# Homework Help: Help with simplifying a 2nd order pde

1. Sep 7, 2011

### lohanlotter

I was given the equation
dp/ds = 4 + 1/e*d/de(e*dp/de)

The derivatives in the equation are partial derivatives

the values of p,s,e are dimensionless numbers.

I am to assume that the solution is separable and then use finite difference method to solve for p, the finite difference method is not a problem. This is where i am having problems. What will the equation be after the assumption is made and the equation is simplified.

I have attempted the question:

I equated the right hand side = 0:

4 + 1/e*d/de(e*dp/de) = 0

and made the partial derivatives total derivatives and then applied the chain rule:

4 + 1/e*dp/de + d/de(dp/de). Is this correct????????

2. Sep 7, 2011

### Hootenanny

Staff Emeritus
I'm not sure why you have set the right hand side to zero. If you have a separable solution, this will not be the case for non-trivial solutions. The method of separation of variables should be applied as follows.

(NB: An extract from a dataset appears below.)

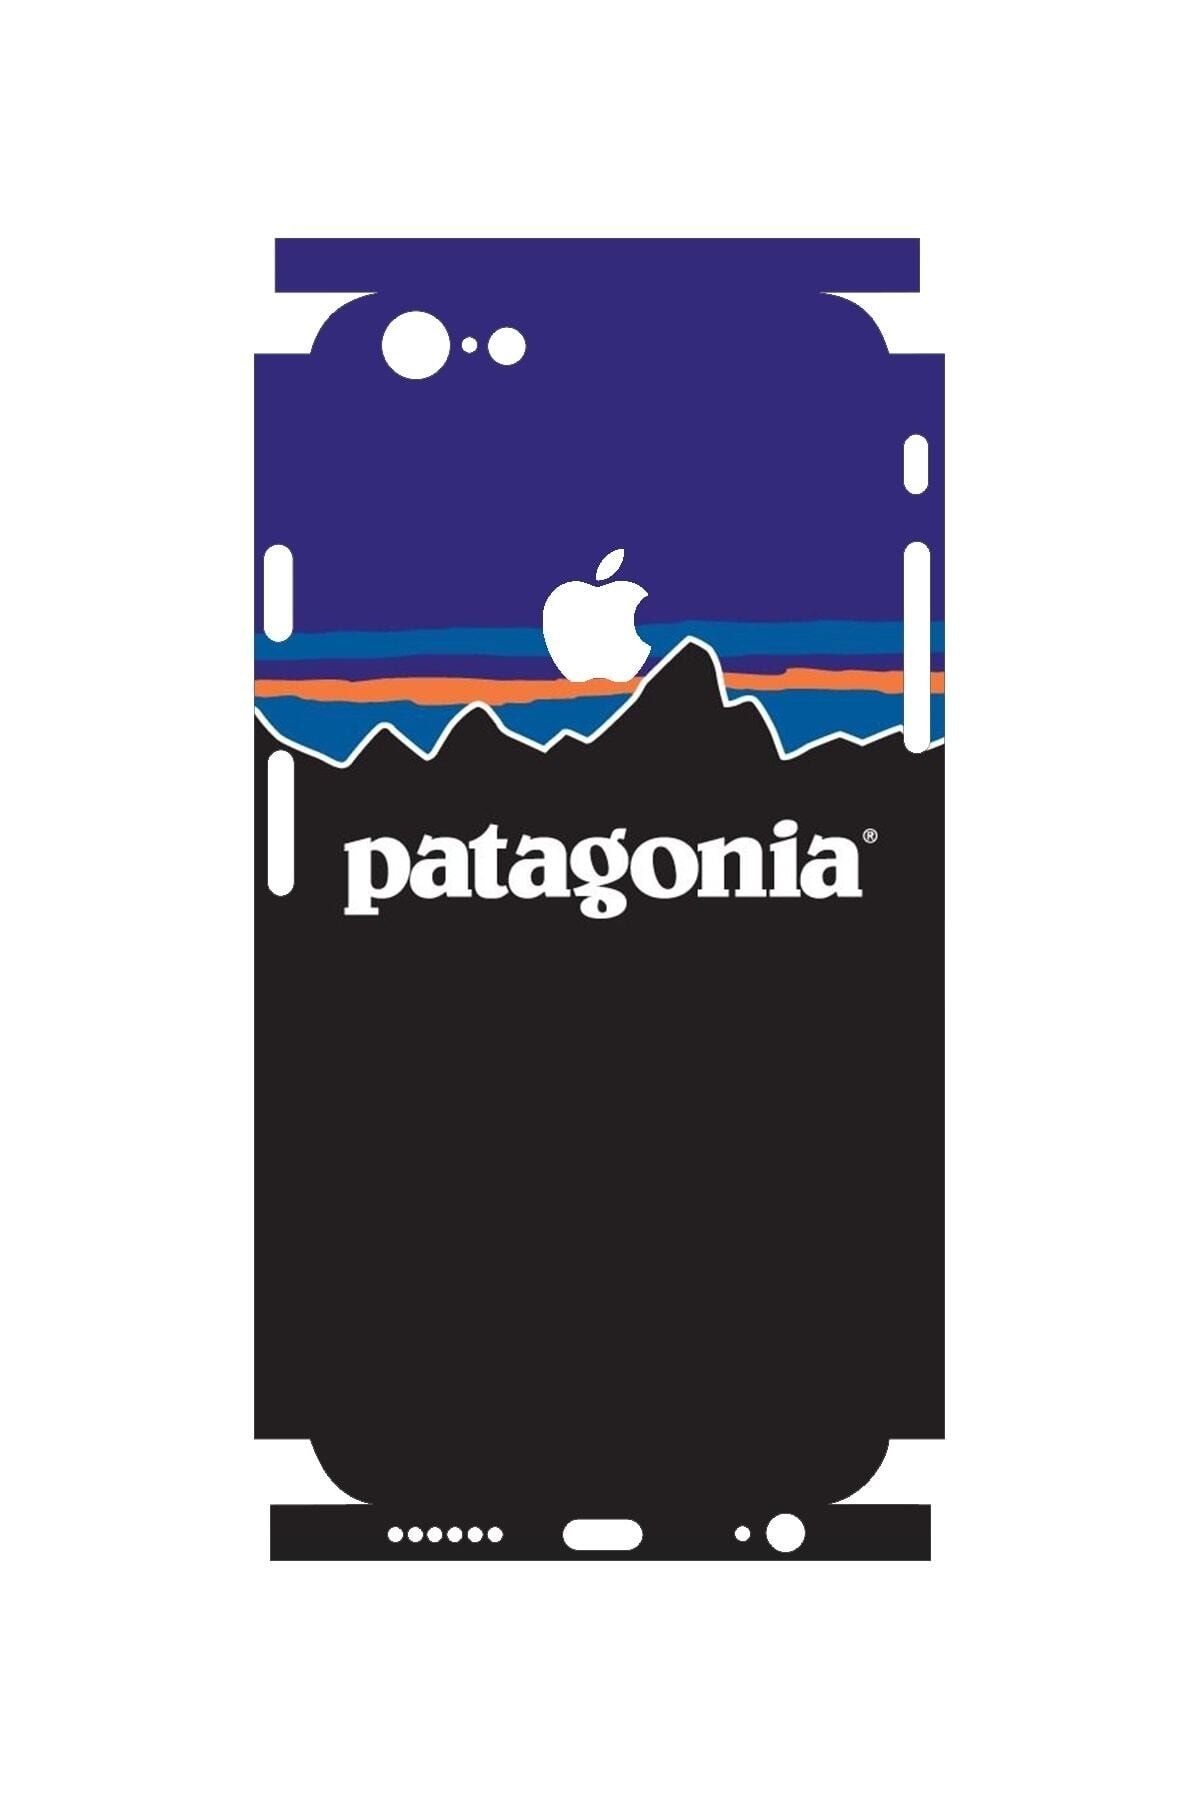 NANOSPACE Iphone 6 /6s Uyumlu Patagonia Telefon Kaplaması Full Cover 3m Sticker Kaplama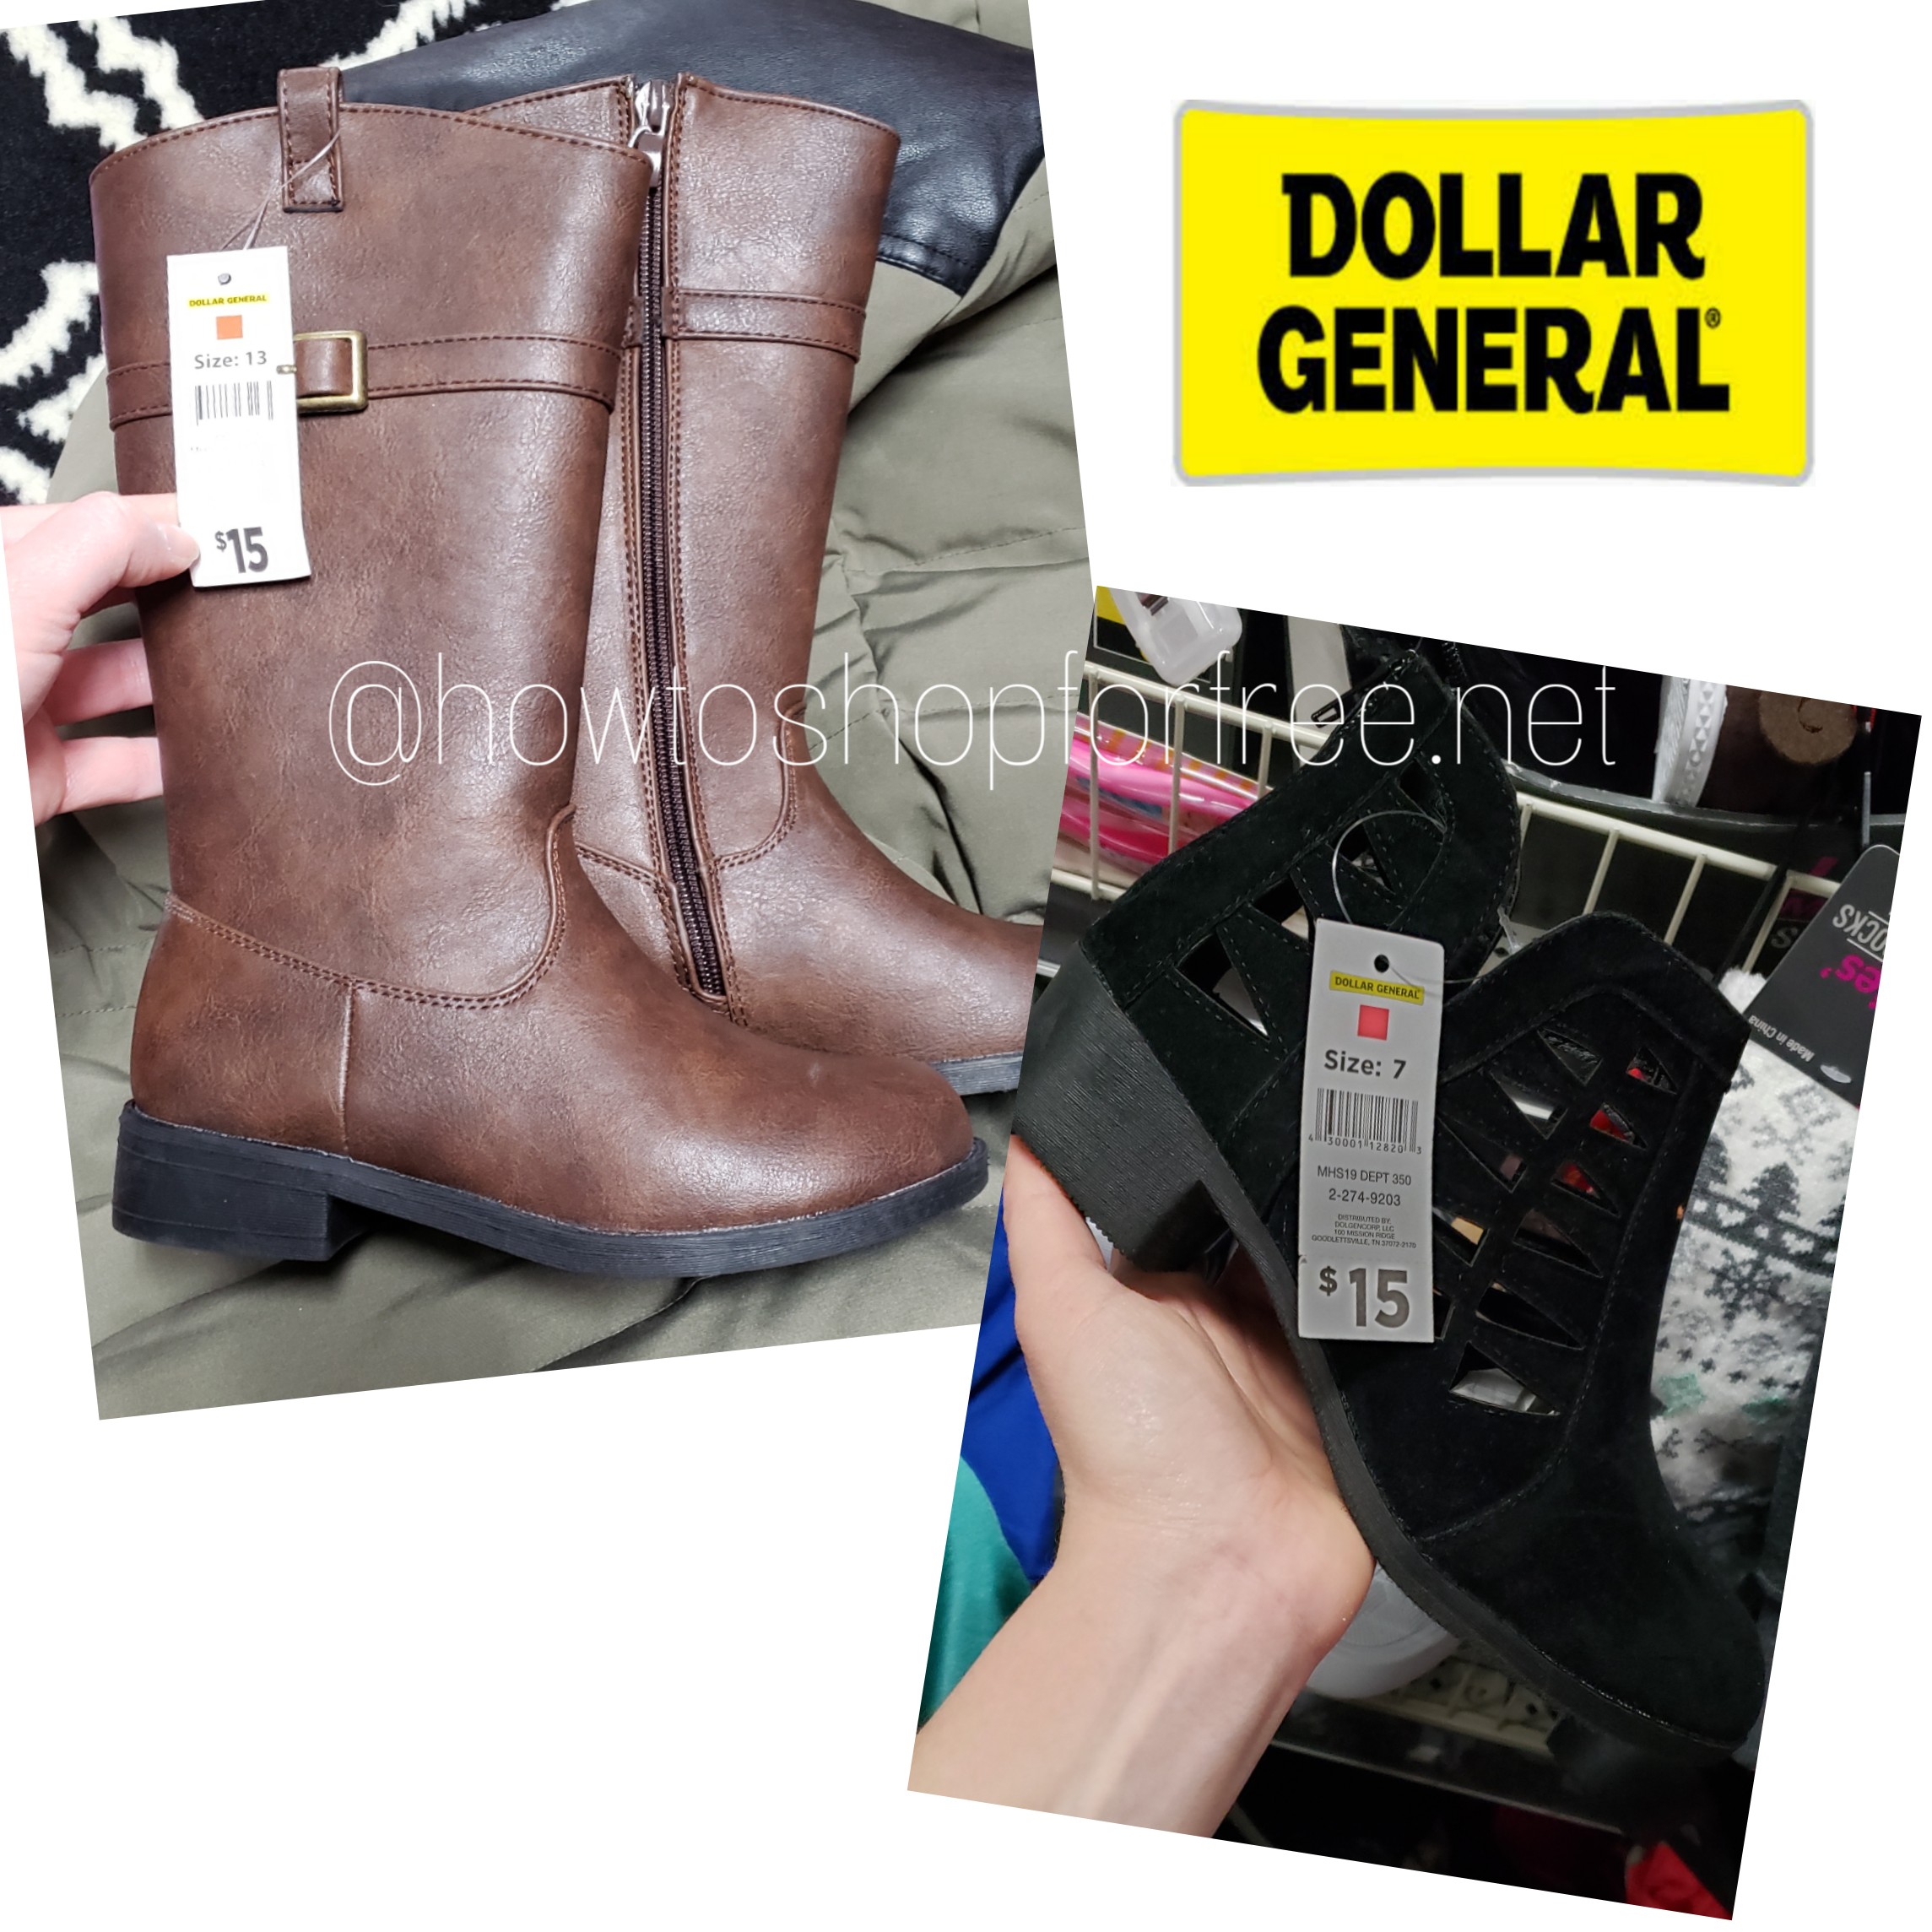 shoes at dollar general

Let $p(e,s) = q(e)r(s)$. Then we have

$$\frac{\partial}{\partial s}q(e)r(s) = 4 + \frac{1}{e}\frac{\partial}{\partial e}\left(e\frac{\partial}{\partial e} q(e)r(s)\right)\;.$$

Can you take it from here?

3. Sep 7, 2011

### lohanlotter

I have attempted it again:

using the equation given i ended up with:

q*dr/ds = 4 + r(1/e*dq/de+d/de(dq/de))

what happens to the 4 then??

4. Sep 7, 2011

### Hootenanny

Staff Emeritus
Let's re-write it so that we can see what's happening more clearly:

$$q(e)r^\prime(s) = 4 + r(s)\left[\frac{q^\prime(e)}{e} + q^{\prime\prime}(e)\right]$$

This is still a separable equation, the fact that you have an additional constant term doesn't matter. If you're struggling to see it, let $R(s) = 4+r(s)$. Then $R^\prime(s) = r^\prime(s)$ leading to

$$q(e)R^\prime(s) = R(s)\left[\frac{q^\prime(e)}{e} + q^{\prime\prime}(e)\right]$$

Can you now continue?

5. Sep 7, 2011

### lohanlotter

Yes thank you very much